### Extracted material
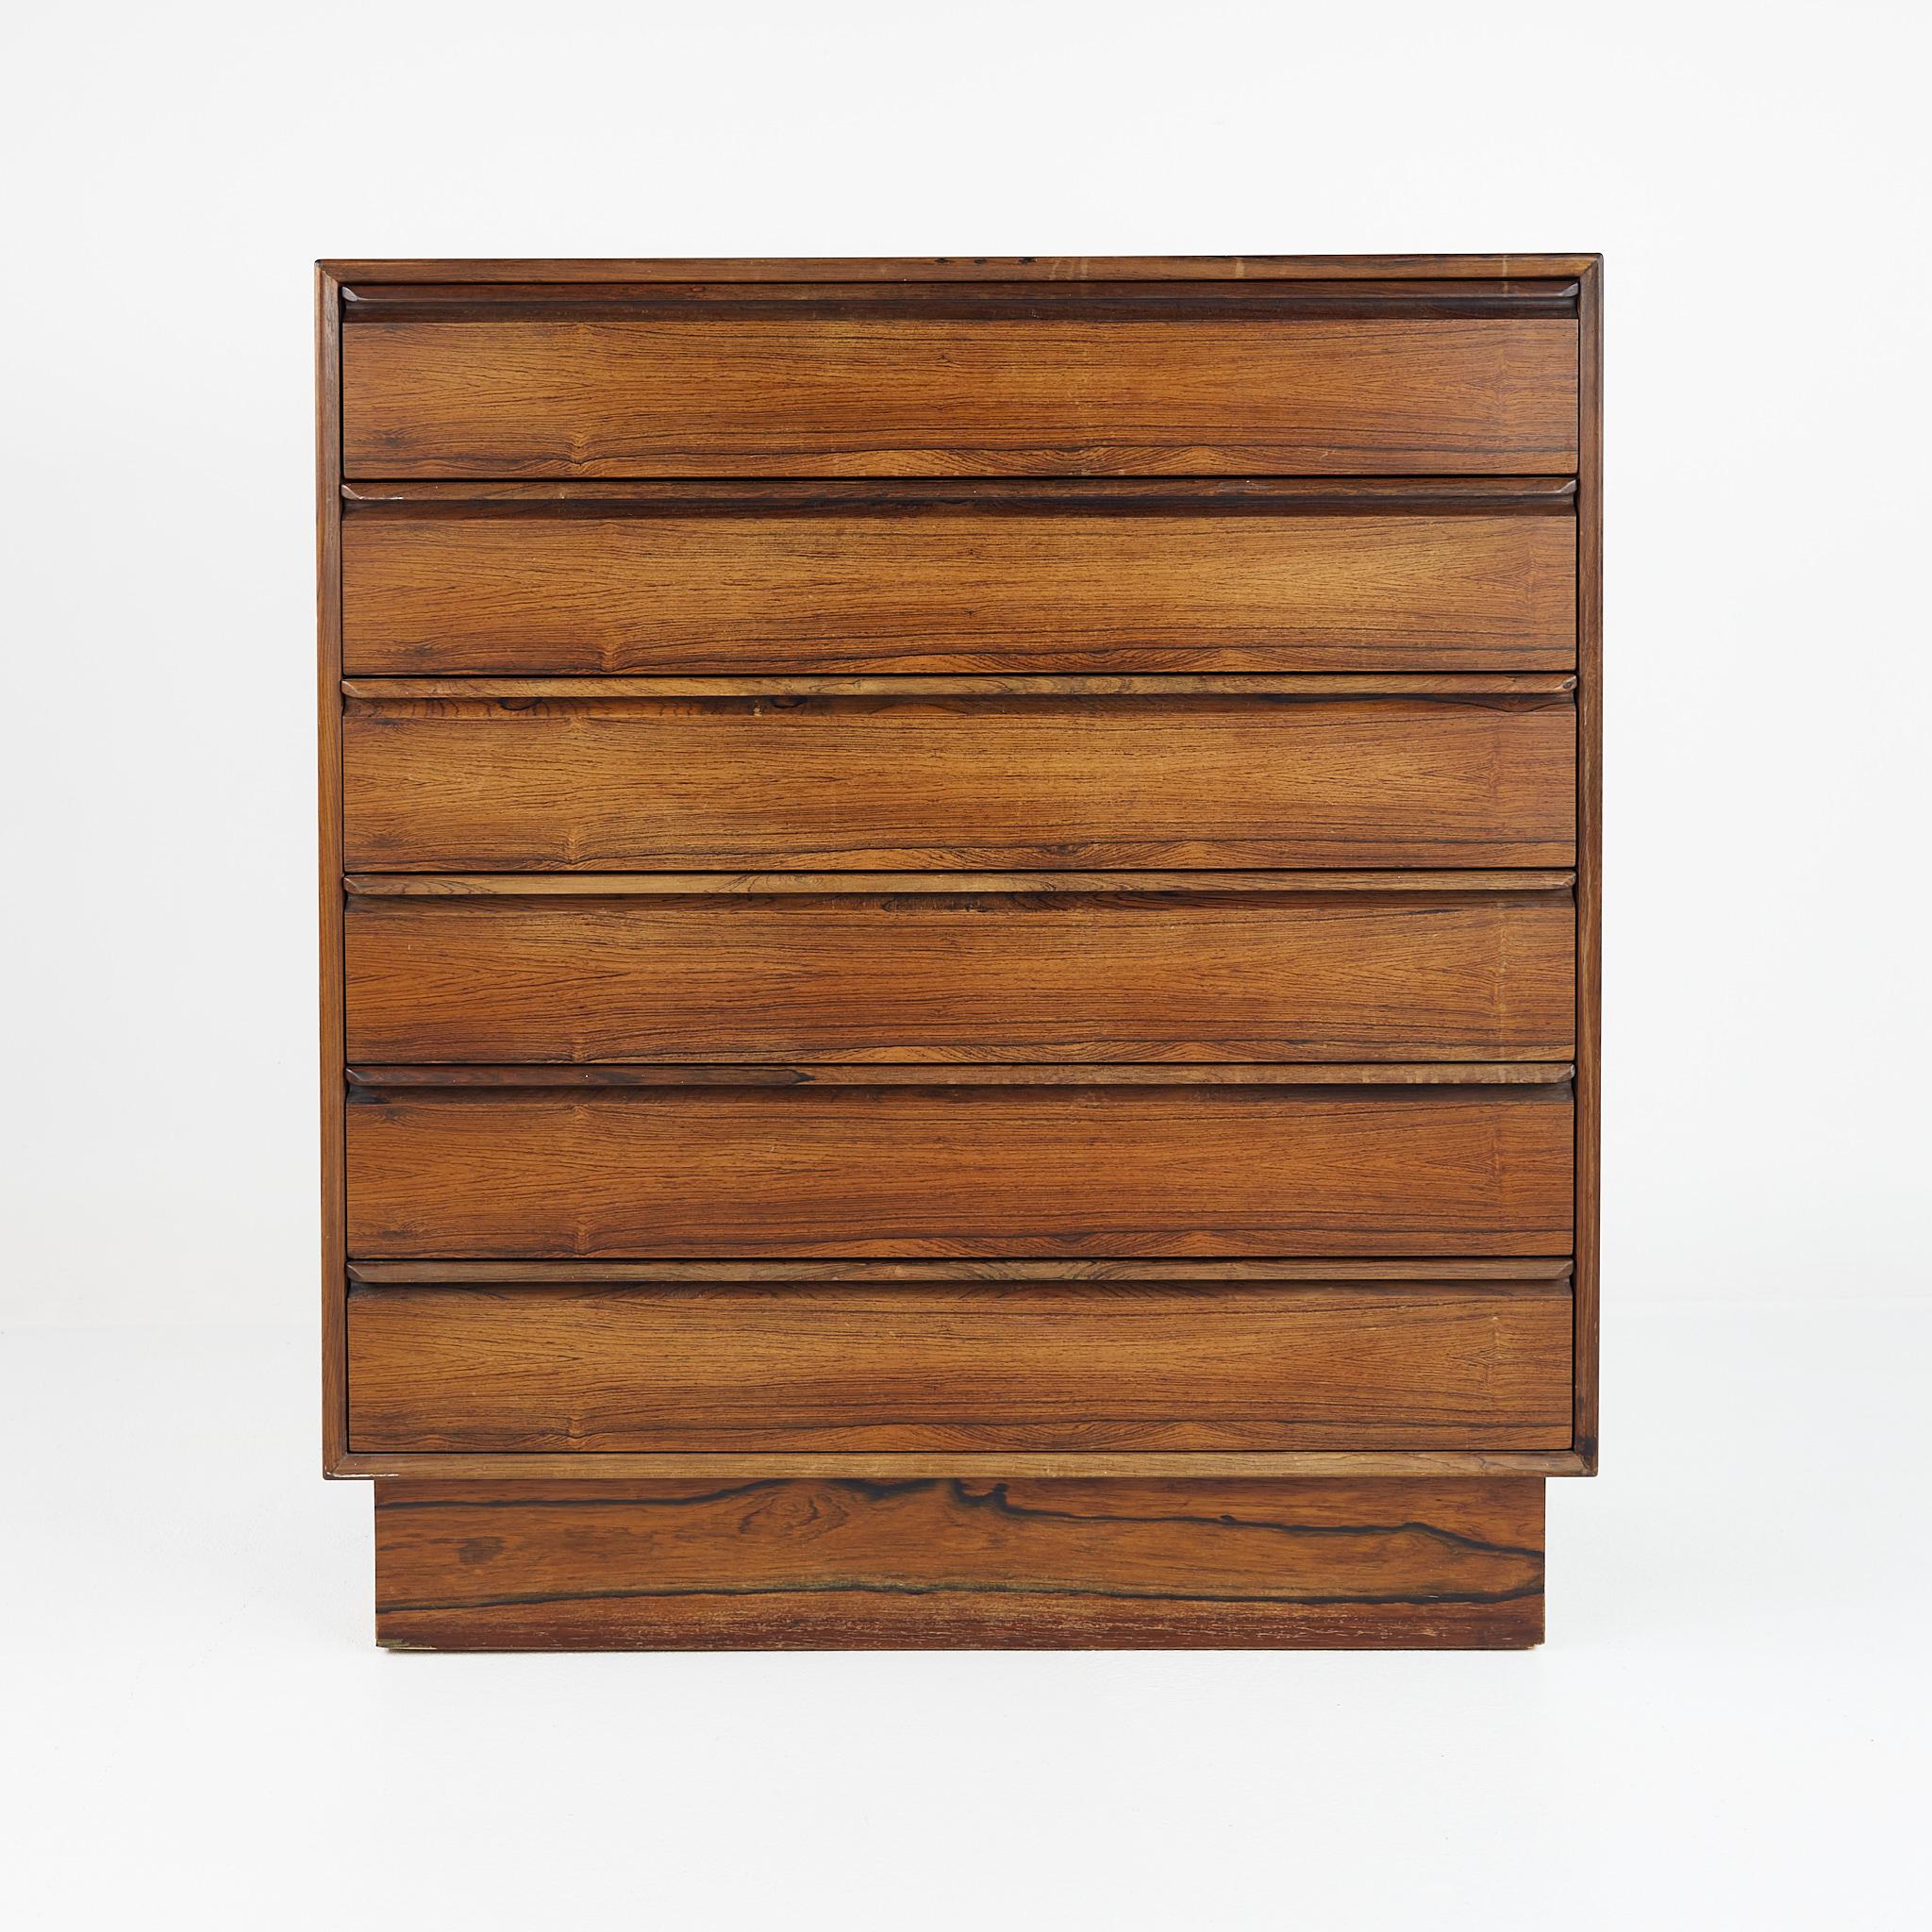 Westnofa mid century rosewood 6-drawer highboy dresser

This dresser measures: 36 wide x 18 deep x 40 inches high

?All pieces of furniture can be had in what we call restored vintage condition. That means the piece is restored upon purchase so
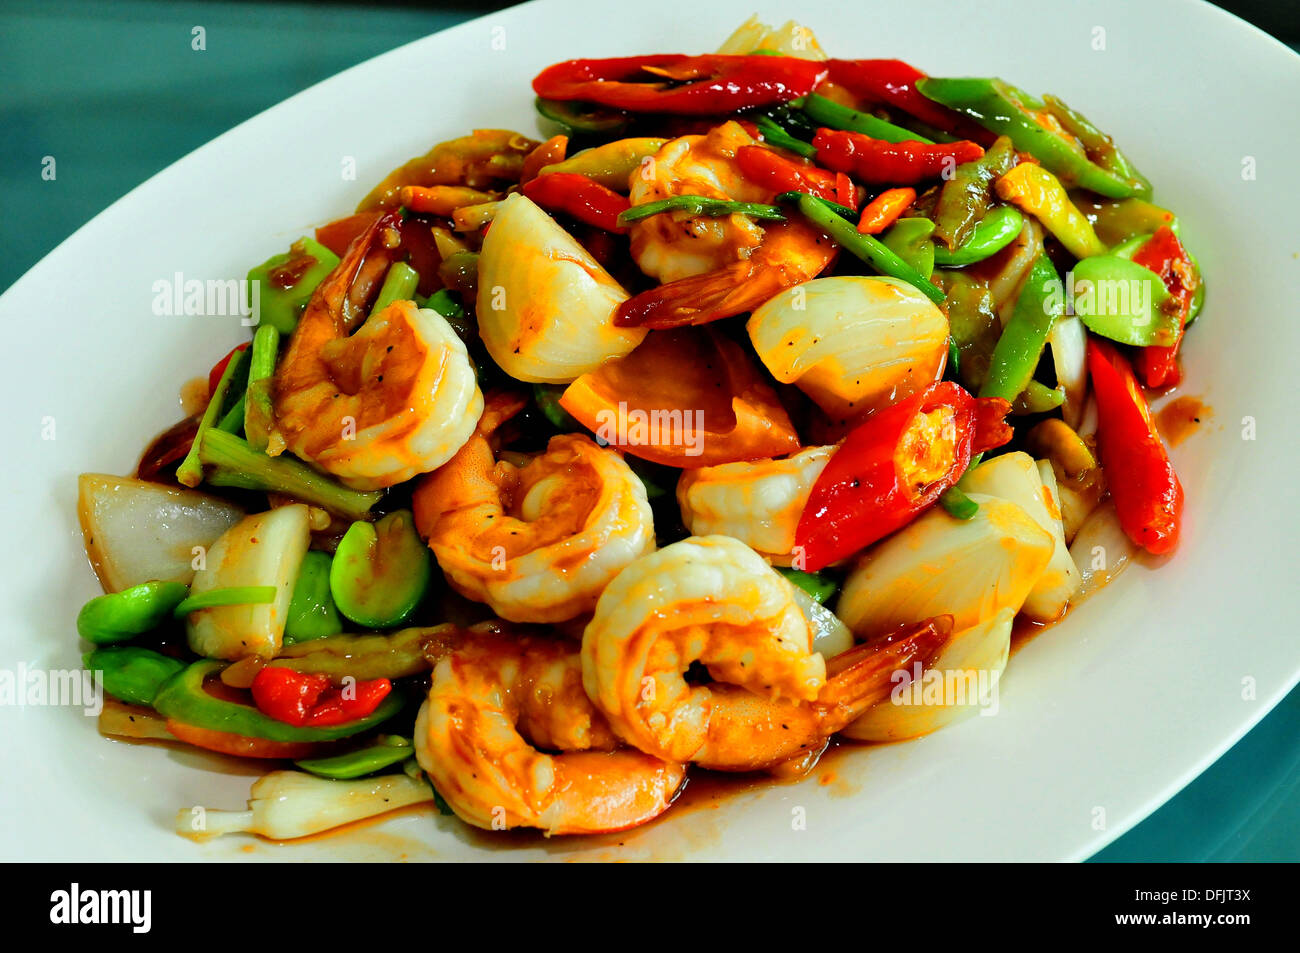 Taste of Thailand - Stinky beans stir fried in red curry paste with shrimp Stock Photo
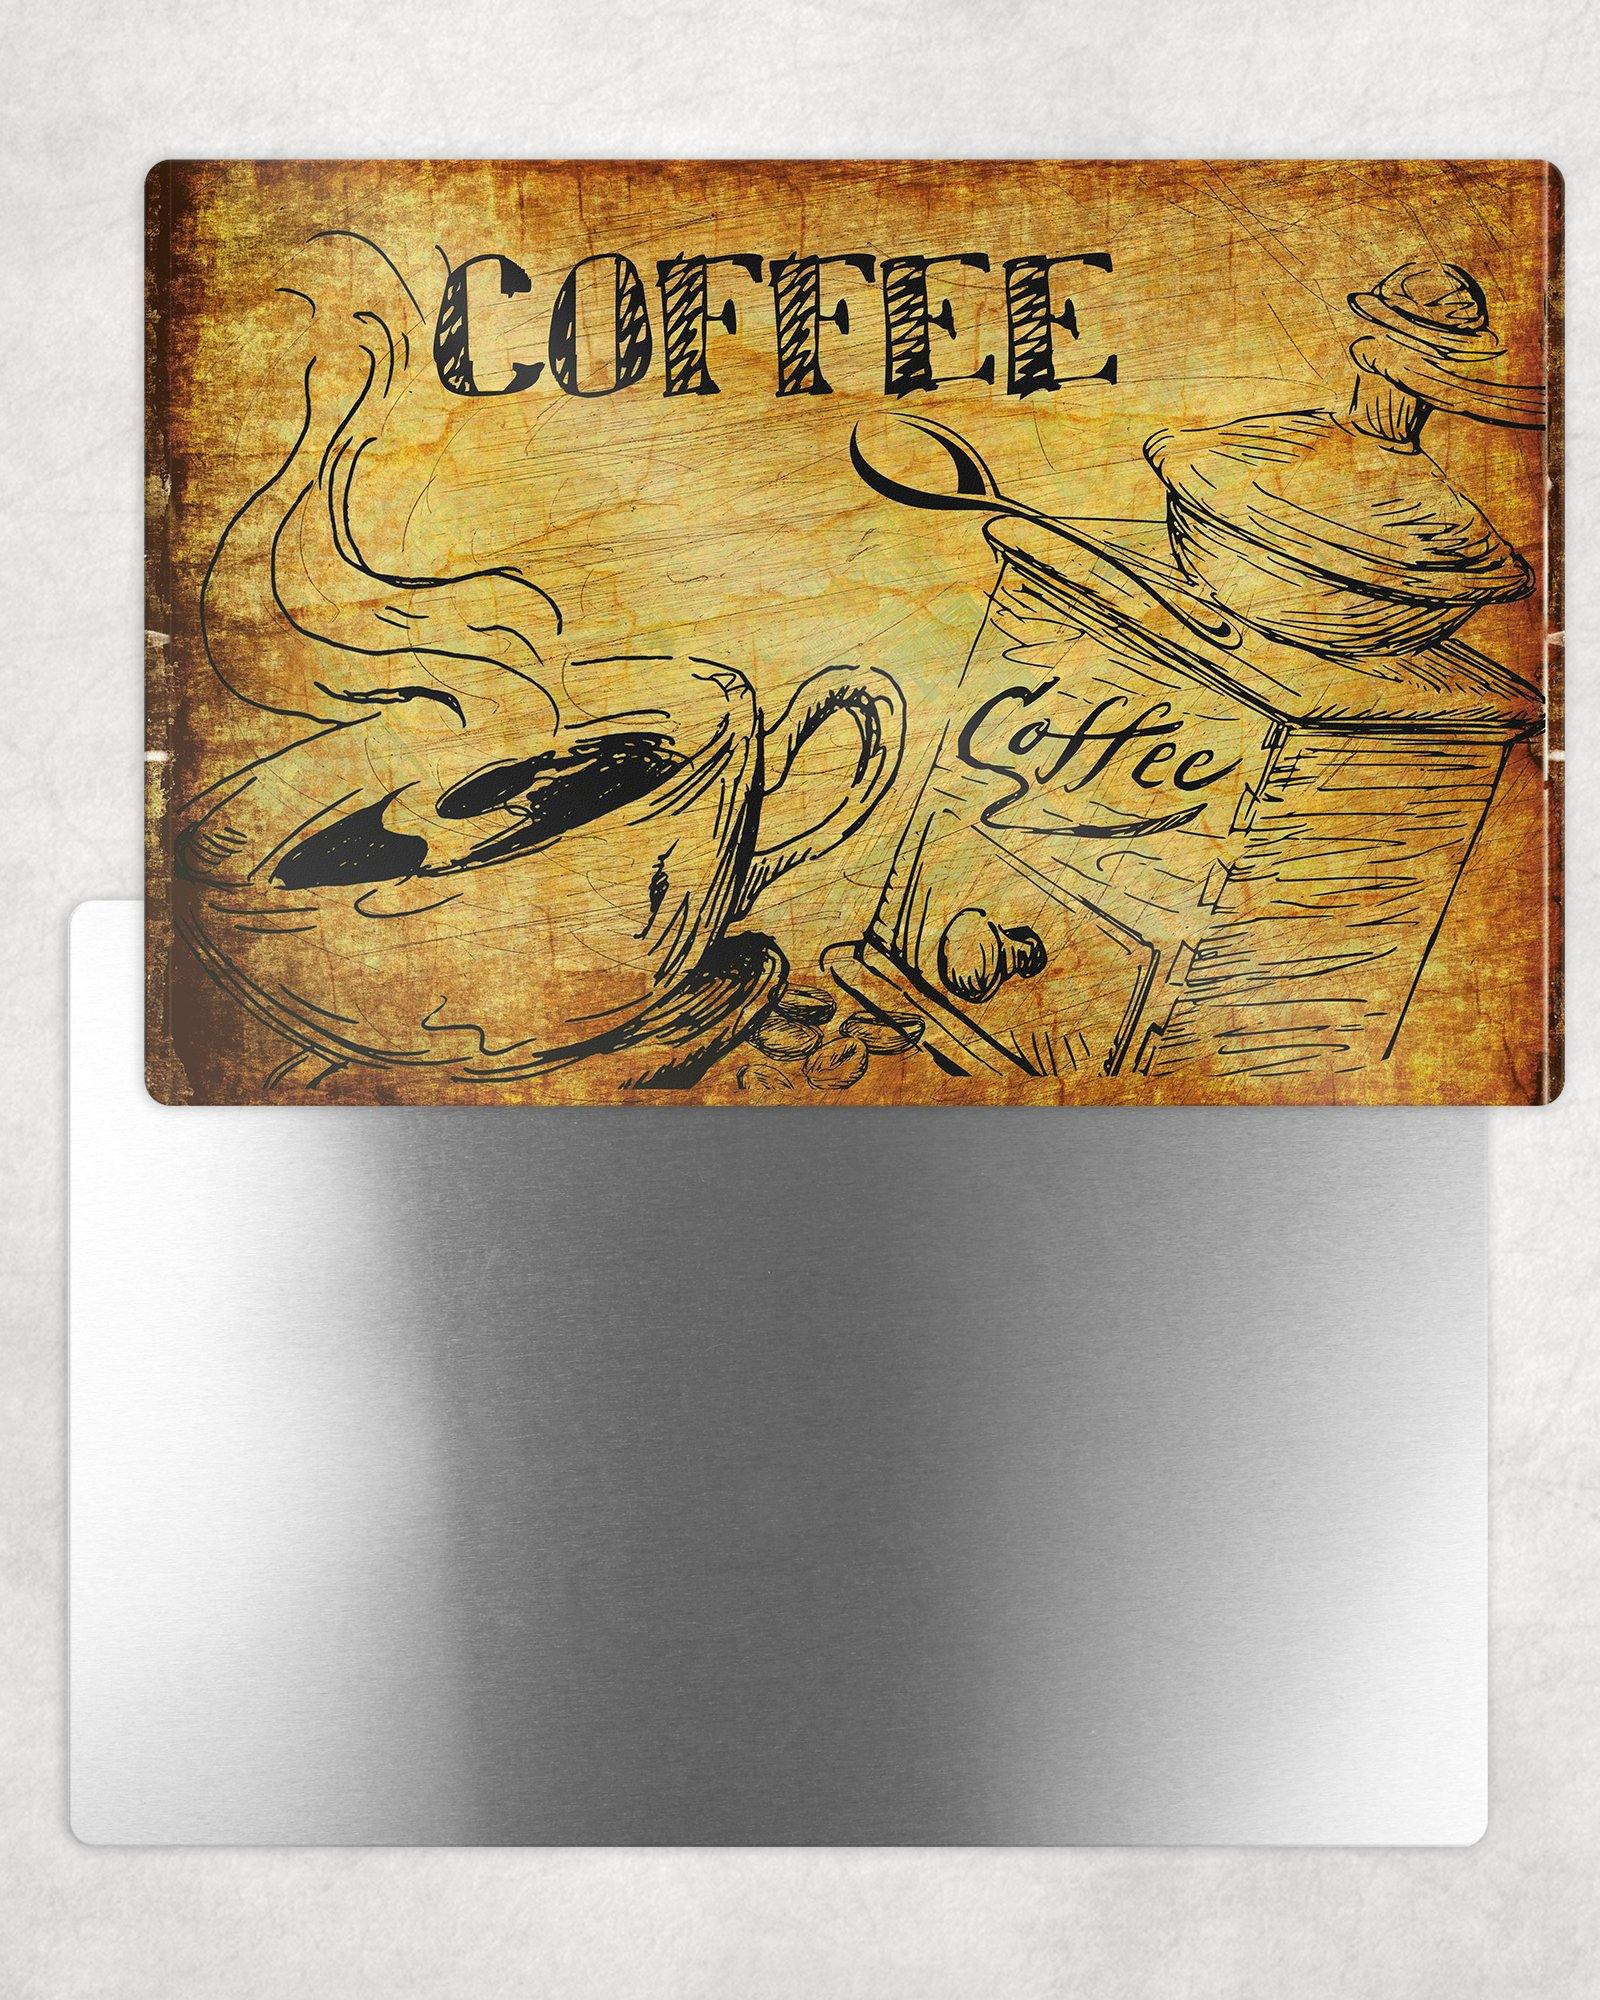 Vintage Look Coffee Sign Metal Photo Panel - 8x12 or 12x18 - Schoppix Gifts

### Your goal
Produce an exact copy of the lines from the line containing "This dresser measures: 36" through the last line of the records, with no pictures and no other text.

### Task output
This dresser measures: 36 wide x 18 deep x 40 inches high

?All pieces of furniture can be had in what we call restored vintage condition. That means the piece is restored upon purchase so
 Taste of Thailand - Stinky beans stir fried in red curry paste with shrimp Stock Photo
 Vintage Look Coffee Sign Metal Photo Panel - 8x12 or 12x18 - Schoppix Gifts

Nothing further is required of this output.